Pos/Neg Definite Quadratic: Evaluate 3 Variable q(x,y,z)

[chrsr34]

Hey guys.
Im having a problem with deciphering positive definite and negative definite for this quadratic form i determined from a matrix.
I don't quite understand how to evaluate if its pos def or neg def.
From what I see in my notes, q(x,y) > 0 for all x not equal to 0. This doesn't help much as with some terms being squared and some not, I am not sure if q will always be positive. I also don't know if there is anything different being a 3-variable quadratic.

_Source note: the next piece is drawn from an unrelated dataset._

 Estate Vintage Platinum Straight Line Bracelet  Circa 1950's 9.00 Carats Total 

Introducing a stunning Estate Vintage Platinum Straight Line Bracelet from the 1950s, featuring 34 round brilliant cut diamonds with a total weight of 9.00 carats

Anyways here it is:

Homework Statement

q(x, y, z) = 2x² - 2xy + y² - 8yz – 2xz + 5z²

Homework Equations

q(x,y) > 0 for all x not equal to 0

Any help is appreciated
Thanks

Chris

 

[NateTG]

Have you tried applying the quadratic formula?

 

[D H]

What does positive definite mean in terms of the eigenvalues of the matrix?

 

[Dick]

Before you do a lot of work, you could also just poke around. If v=(x,y,z)=(1,1,0) then q(v,v)=1. If w=(0,1,1), q(w,w)=(-2).

 

[chrsr34]

hmm, well what I am not sure of most is the statement "q(x,y) > 0 for all x not equal to 0"
This was given for 2 variables, i have nothing for 3 variables. So in I am not even sure if we are only taking into consideration what x is or if there are 2 variables to take consideration of in 3D. This is the only definition of positive definite i have
I could do what Dick says by plug and play but I am still not sure if the same definition holds for 3D...

 

[Dick]

For two variables the statement is q(x,y)>0 for (x,y) not equal to (0,0). For three variables the statement is q(x,y,z)>0 for (x,y,z) not equal to (0,0,0). I wrote it the way I did because I usually think of a quadratic form as a function of two vectors, like the dot product.

 

[D H]

To make Dick's suggestion blatantly obvious, setting x=1,y=1,z=0 yields q(x,y,z)=1 while setting x=0,y=1,z=1 yields q(x,y,z)=-2. What does that tell you regarding the question of the nature of the quadratic form?You can rewrite the expression q(x, y, z) = 2x² - 2xy + y² - 8yz – 2xz + 5z² as the matrix expression

$$q(\mathbf x) = \mathbf x\cdot(\mathbf Q \mathbf x) = \mathbf x^T\mathbf Q \mathbf x$$

where $\mathbf Q$ is a symmetric matrix and $\mathbf x$ is the column vector

$$\mathbf x = \bmatrix x\\y\\z\endbmatrix$$

The first form ($\mathbf x\cdot(\mathbf Q \mathbf x)$) is apparently how Dick likes to view these forms. I prefer the second form ($\mathbf x^T\mathbf Q \mathbf x$). It is just a matter of preference; the two expressions are equivalent.

 

[Dick]

I prefer the second form as well. I think of the dot product as $\mathbf x^T\mathbf I \mathbf x$.

 

[chrsr34]

Thank you guys. It appears to me that this quad is not pos or neg definite then. This is my 3rd option.
Thanks guys

Chris